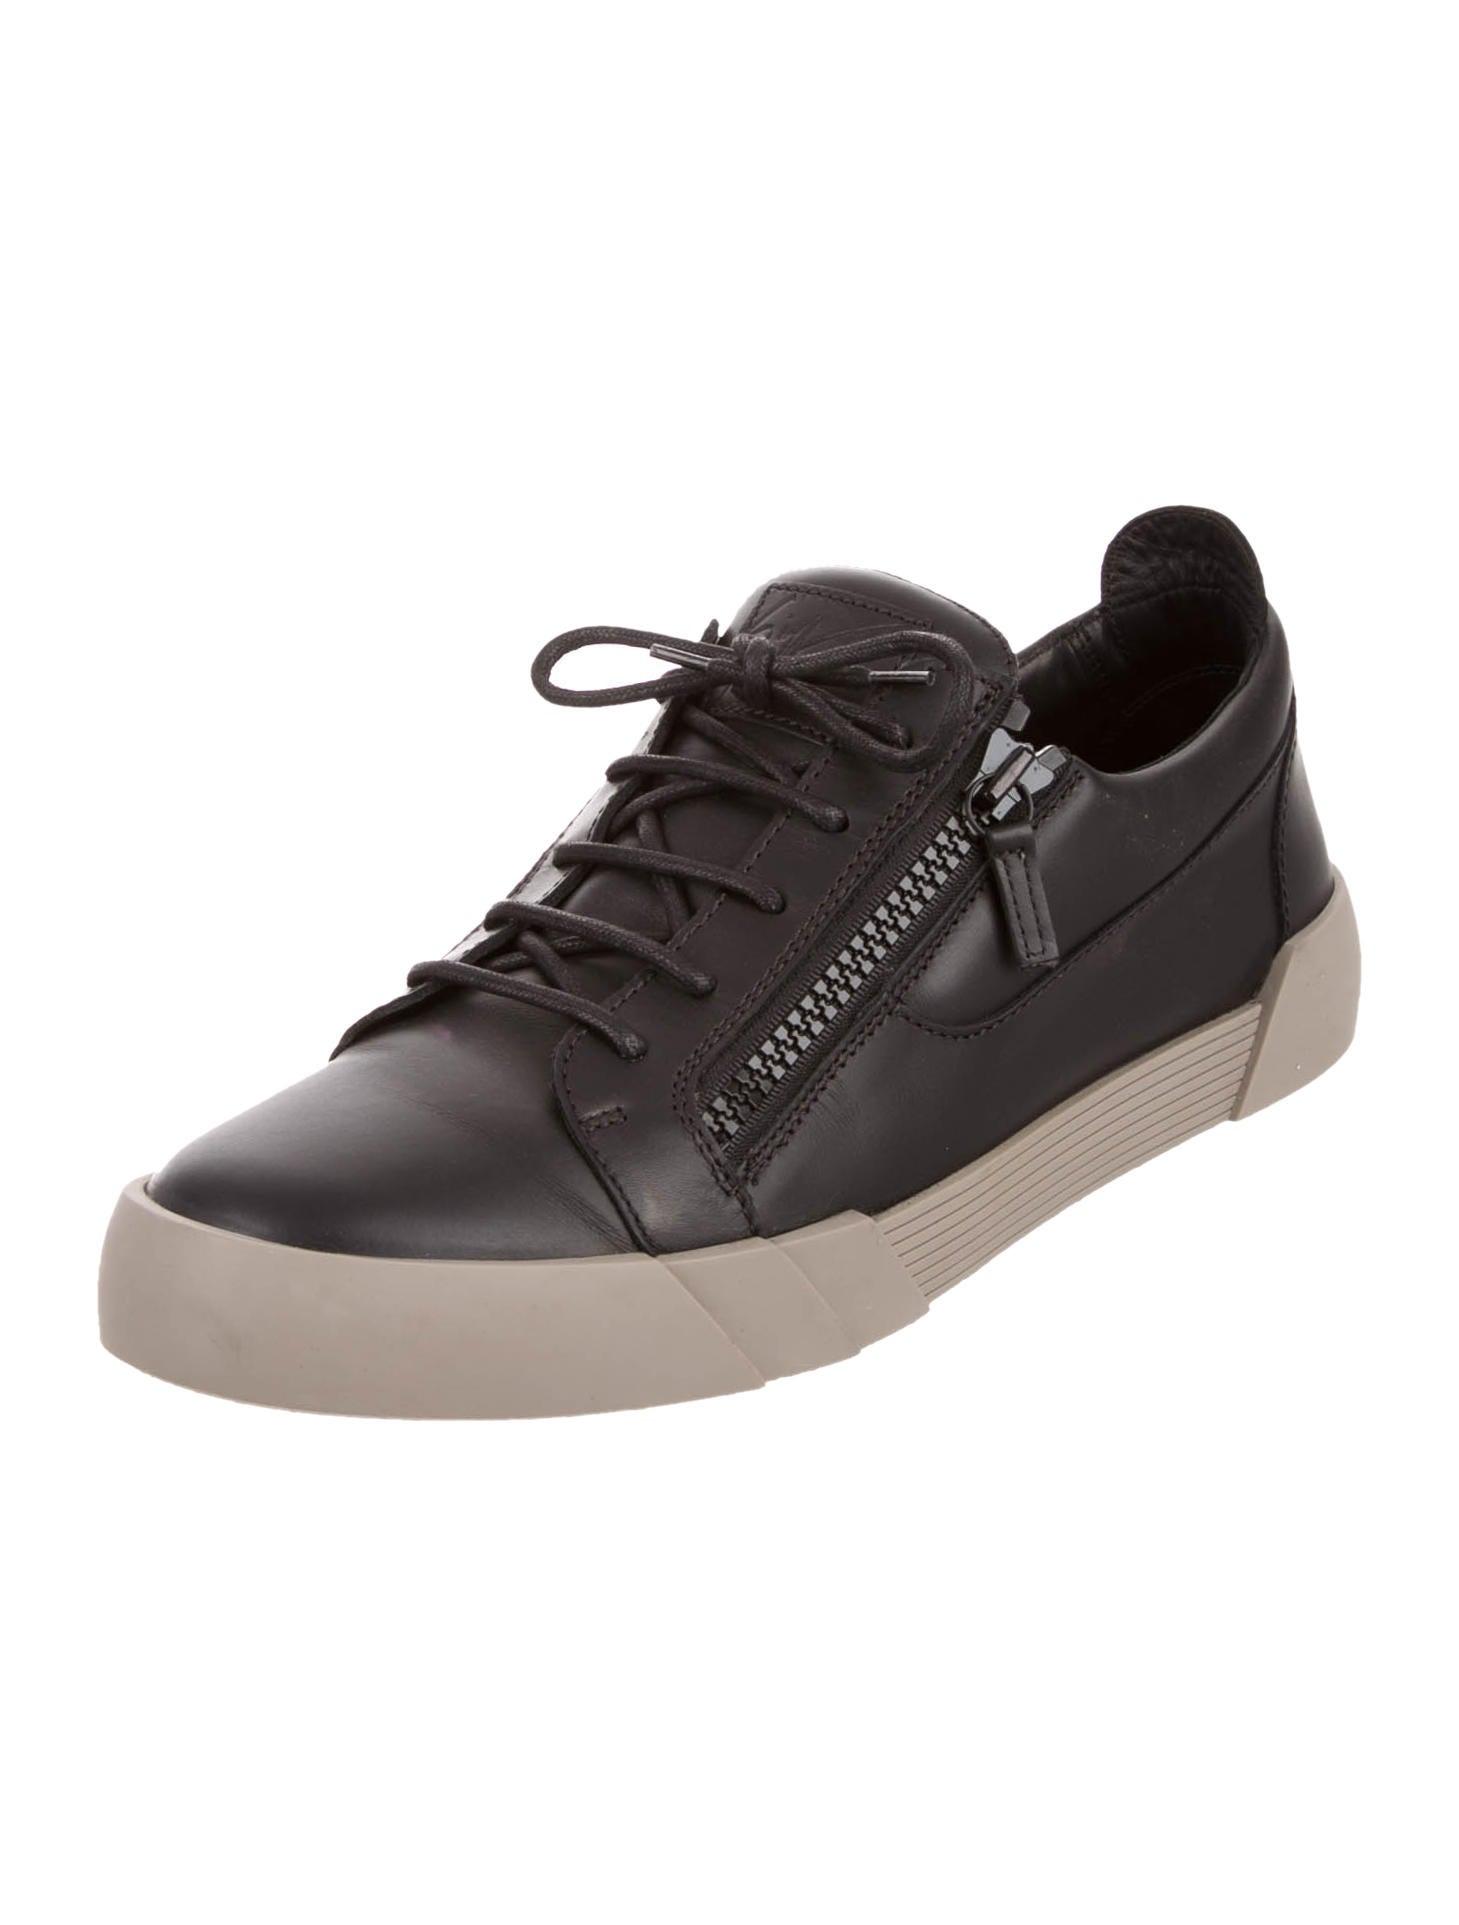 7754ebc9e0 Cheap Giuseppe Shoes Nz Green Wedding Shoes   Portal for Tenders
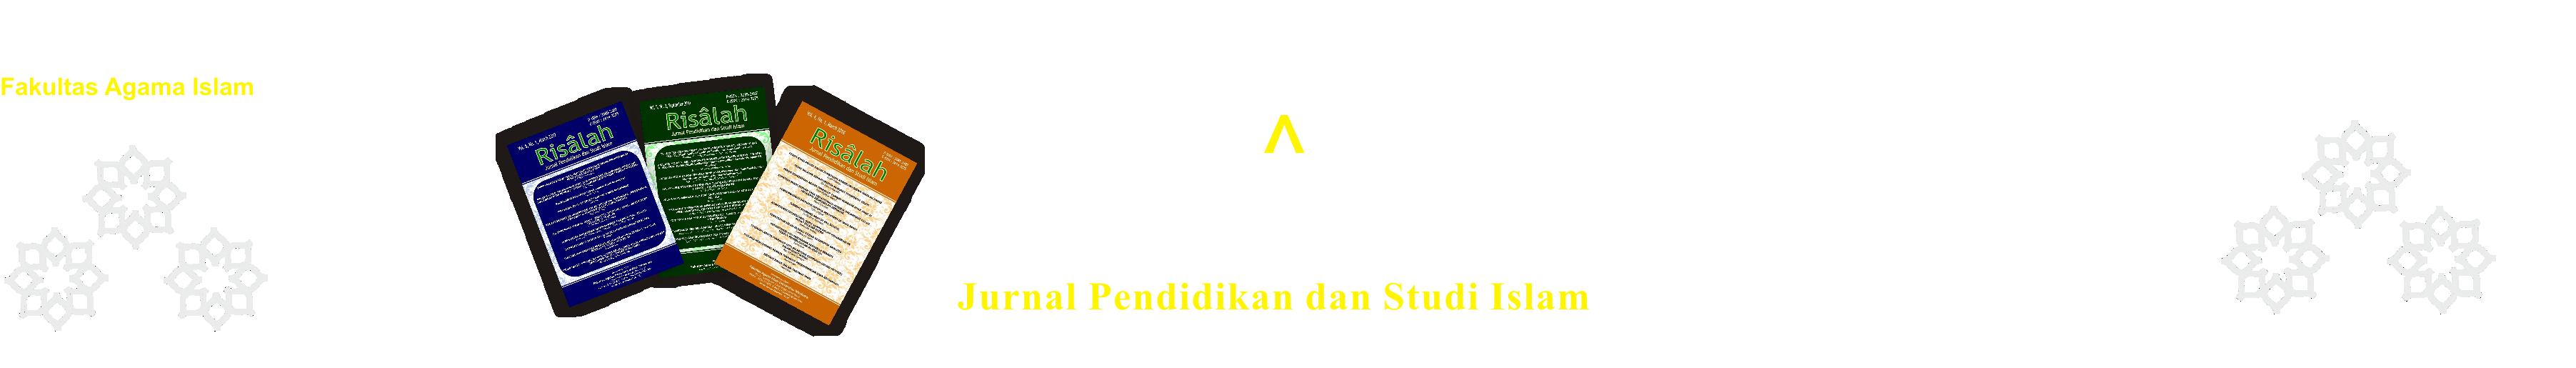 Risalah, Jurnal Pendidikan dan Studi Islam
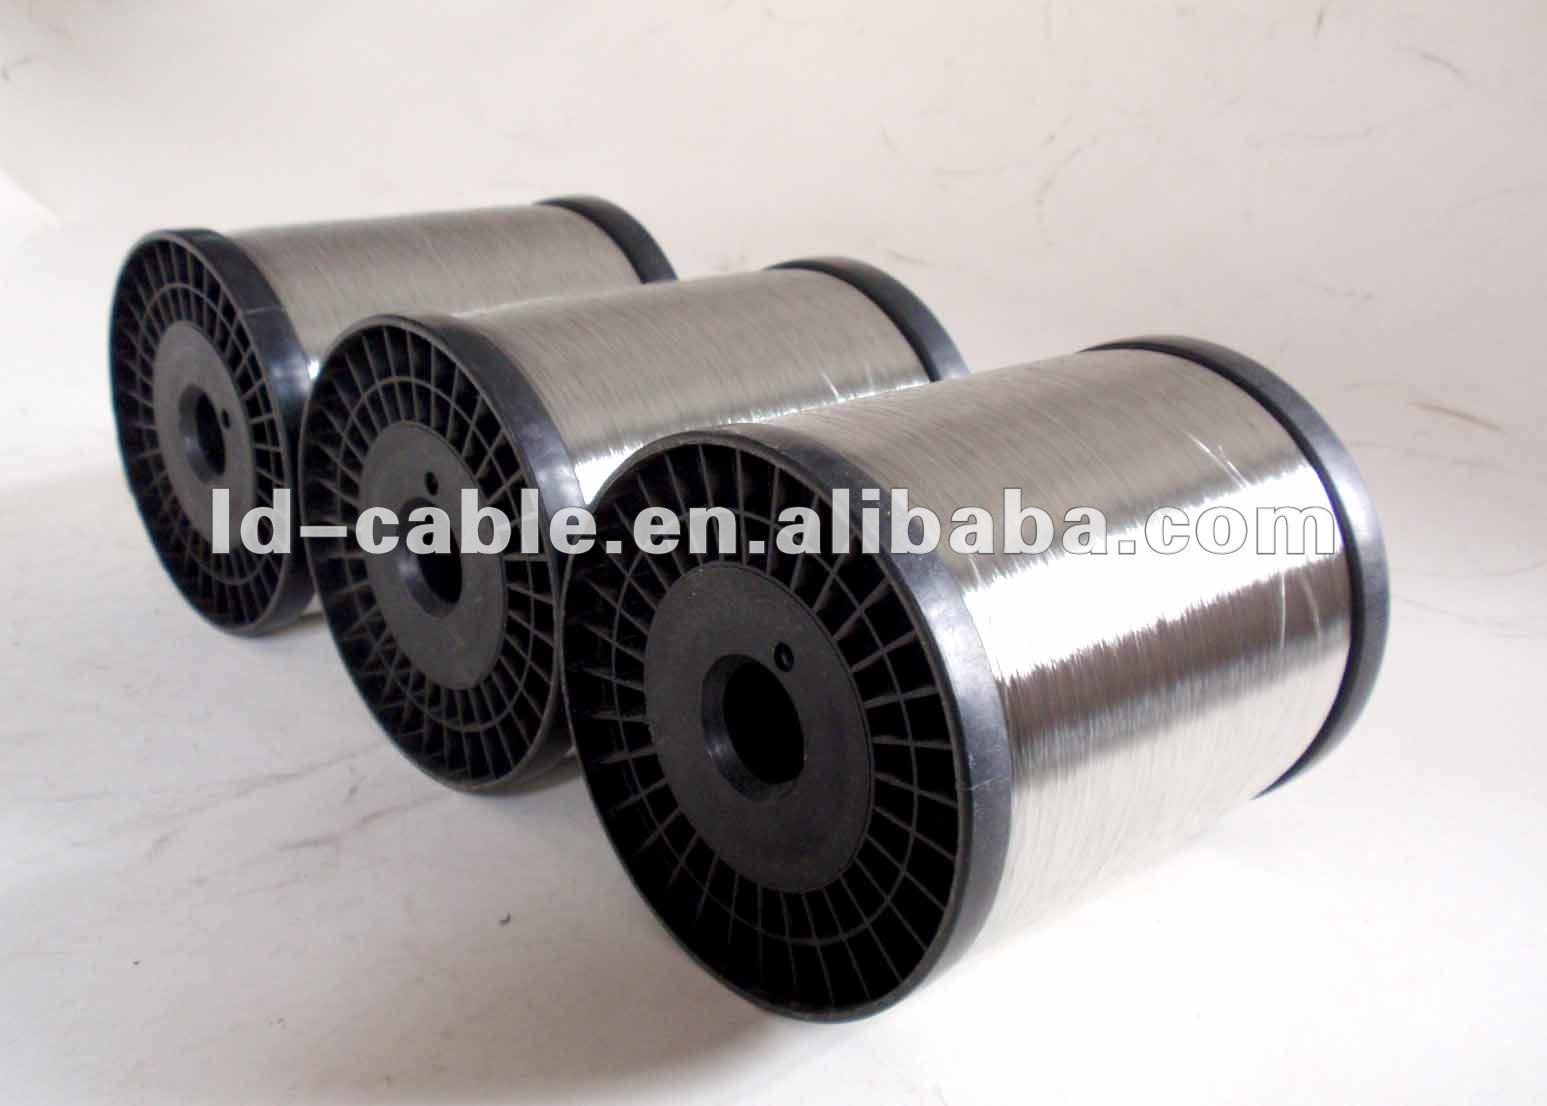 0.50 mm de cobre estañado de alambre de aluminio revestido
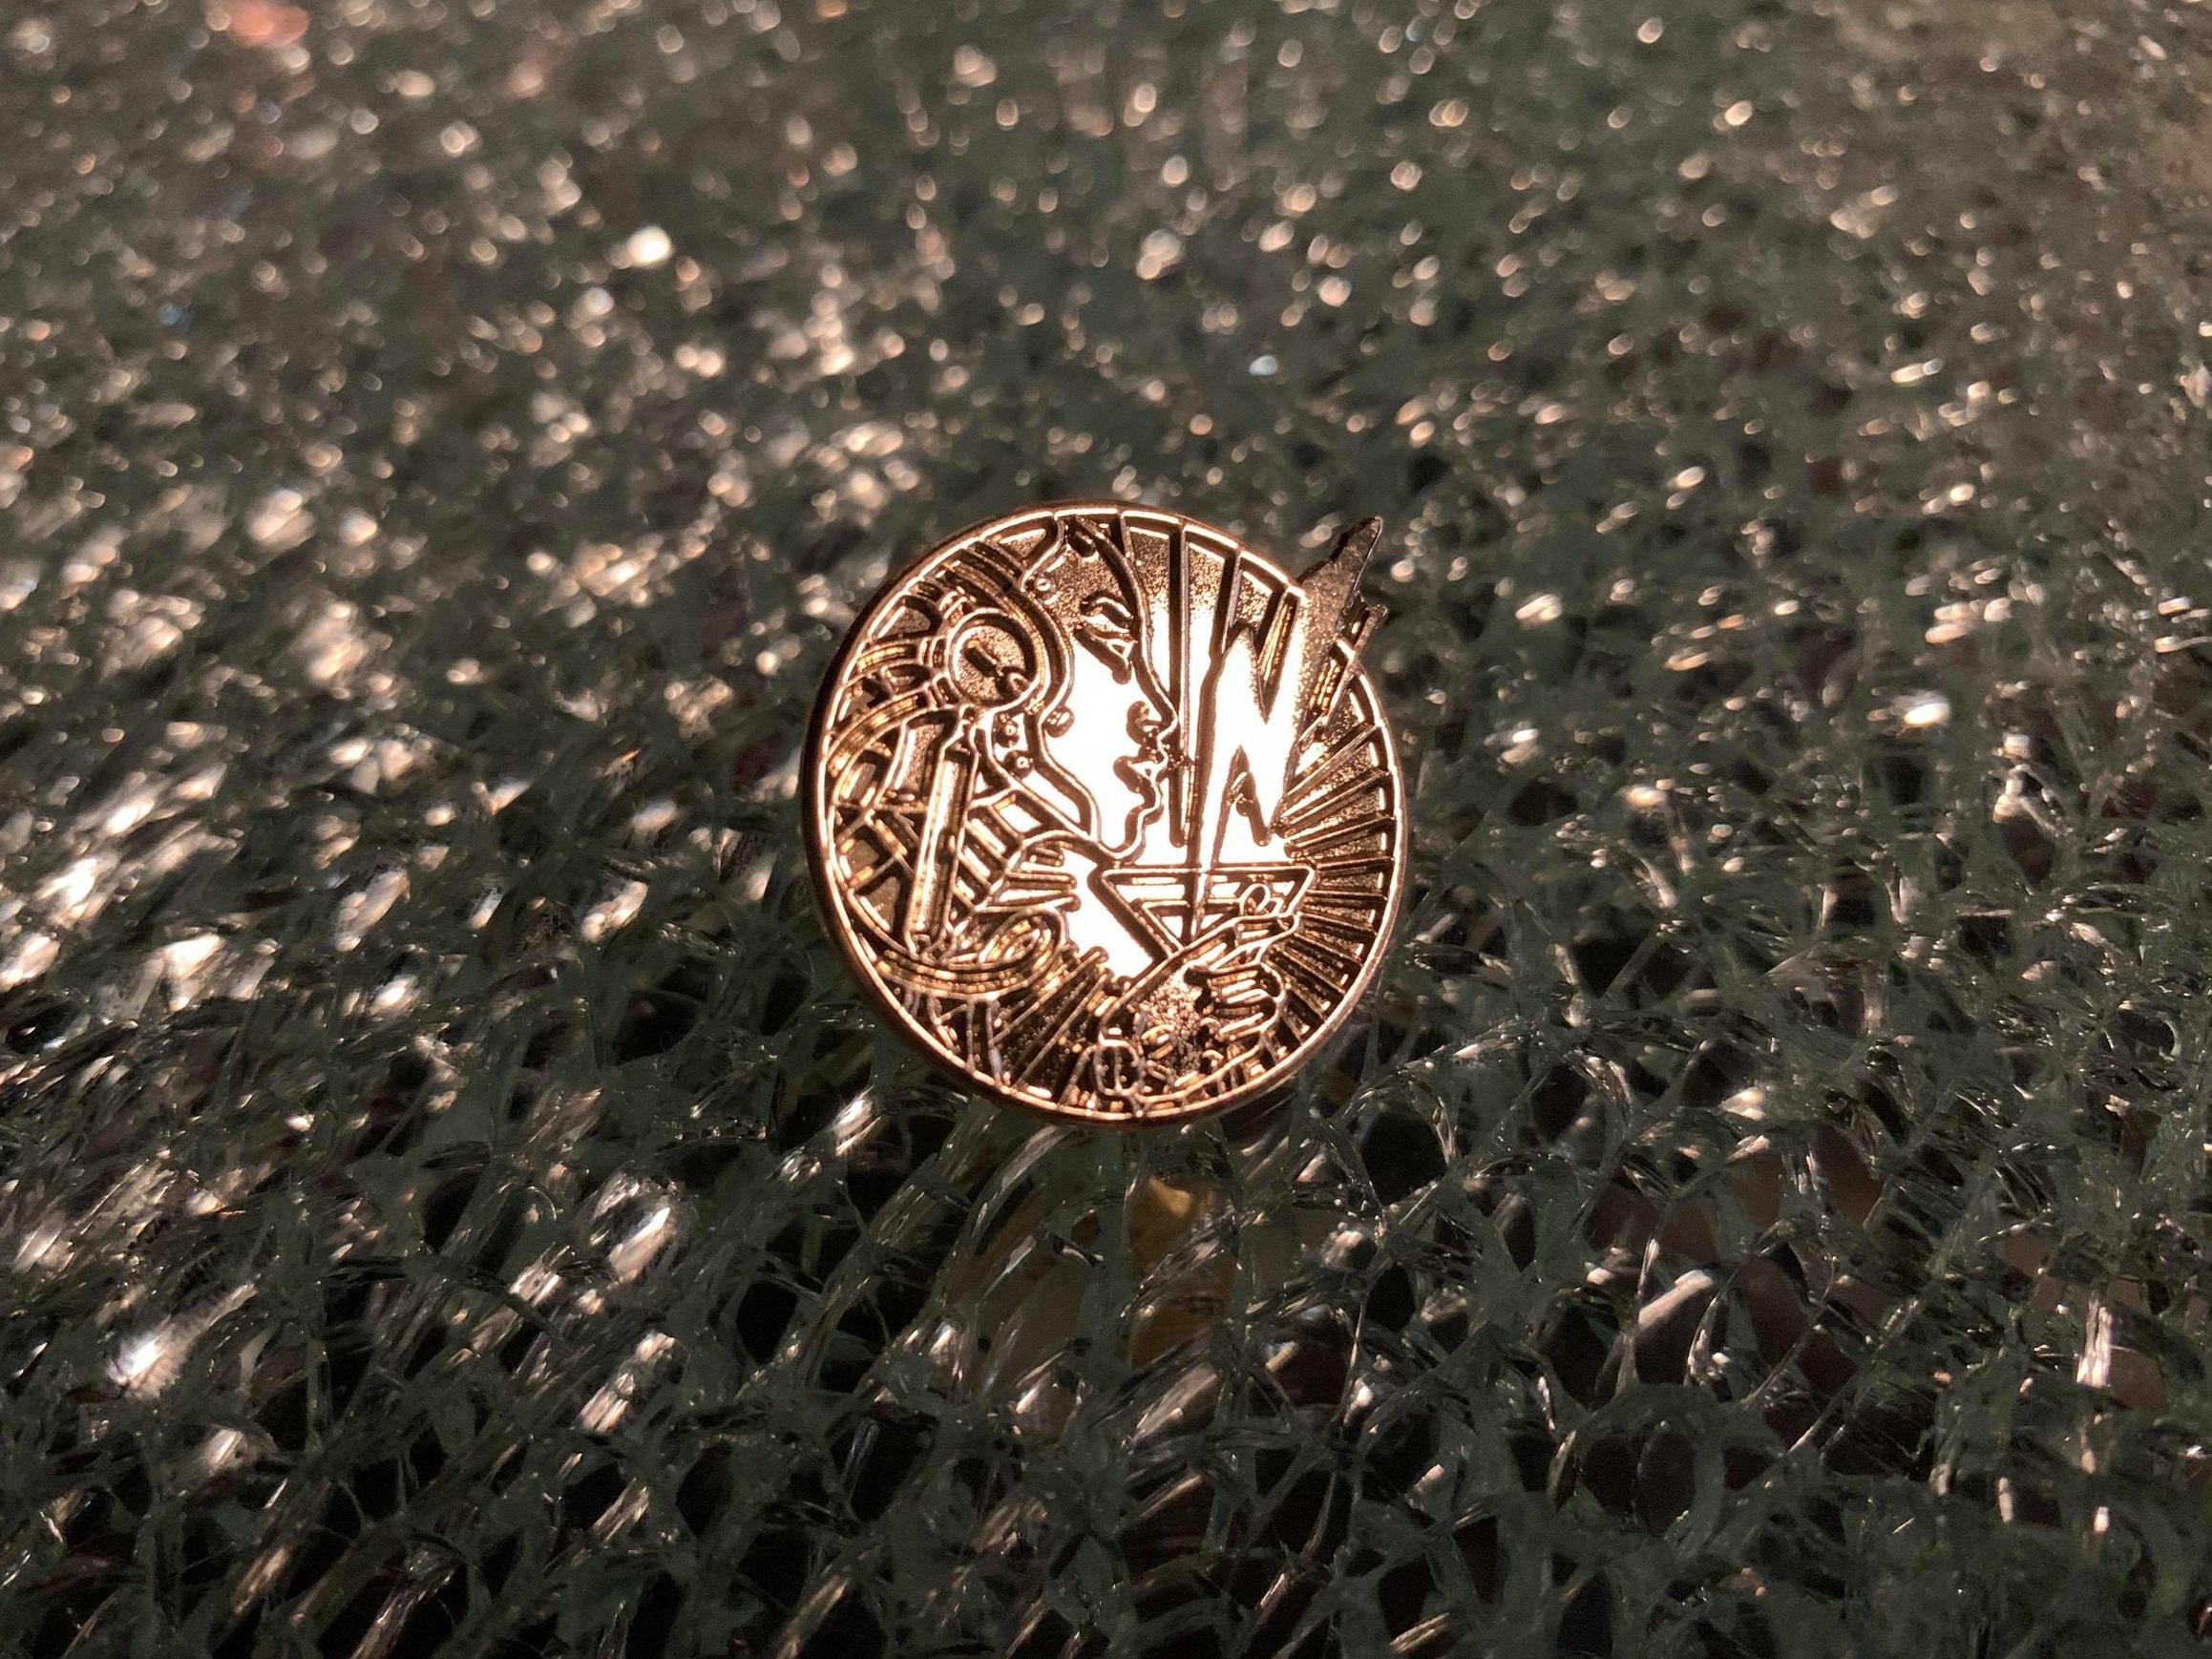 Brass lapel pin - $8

_YOUR INSTRUCTIONS:_
Starting from the line that contains "0.50 mm de cobre", transcribe exactly each line down to the final line of the material above, excluding every picture and adding nothing else.

_FINAL ANSWER:_
 0.50 mm de cobre estañado de alambre de aluminio revestido
 Brass lapel pin - $8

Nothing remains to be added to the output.